From a marketing standpoint, I'm not sure demos like this that draw comparisons between JavaScript frameworks and 3D game engines are a great idea. The author describes updating 2000 cubes every frame as an "impossible amount of load", and claims that React will soon "run circles around even the best performing manual WebGL apps".

Here's Unity maintaining a smooth framerate while updating three times that many cubes: https://www.youtube.com/watch?v=qVMfKJfsHQg

Unlike the React demo, all of the cubes actually move each frame (it's not "rescheduling" updates to later frames like React Concurrent Mode does), and it's doing a complex physics simulation to decide where the cubes should go.

Yeah, maintaining state for 2000 elements is not a hard problem. I've written CPU particle systems which handle ~10k particles per frame, some of which even run entirely in the browser.

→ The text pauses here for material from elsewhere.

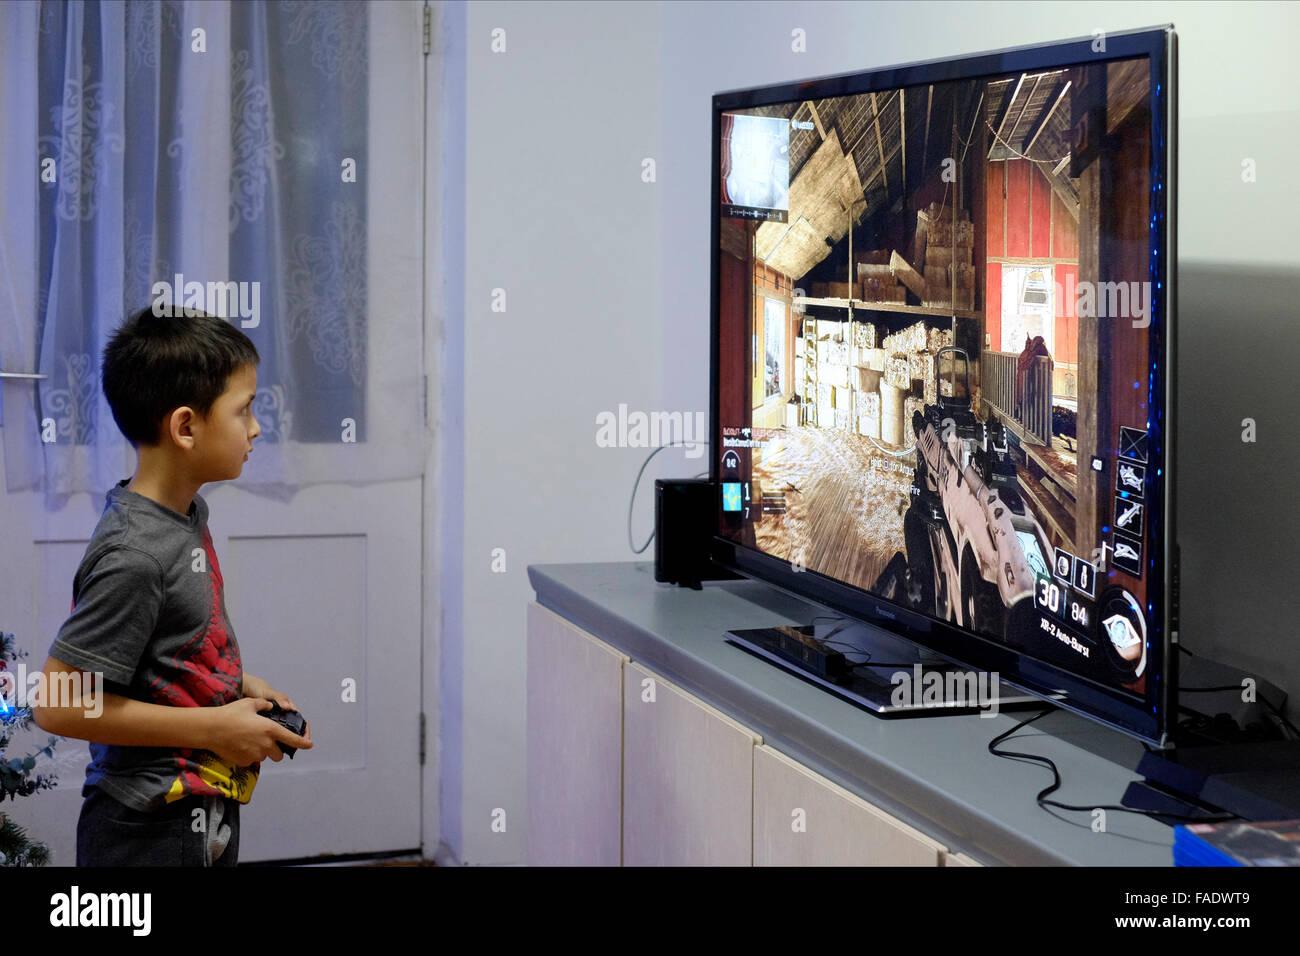 Jeune garçon jouant jeu vidéo sur grand écran plat plat en angleterre Photo Stock

This shot from Super Mario Galaxy simulates around 3,000 particles, on top of all the other bone/joint animations that are happening. Performance like this is possible in a web browser, but you wouldn't think so given how popular React and ThreeJS are.

https://noclip.website/#smg/AstroGalaxy;AAI4t49Qk^u9Ld&YUm,m...

> https://noclip.website

Very cool website! I just noticed you're the one behind it[1]! Just curious: when people contribute textures toy our project, do they have to get permission from the video game publisher first?

Also, how hard is the process of extracting the textures of a video game? Is there effort involved in stitching multiple DDS/other texture files together, so that it can presentable on your website?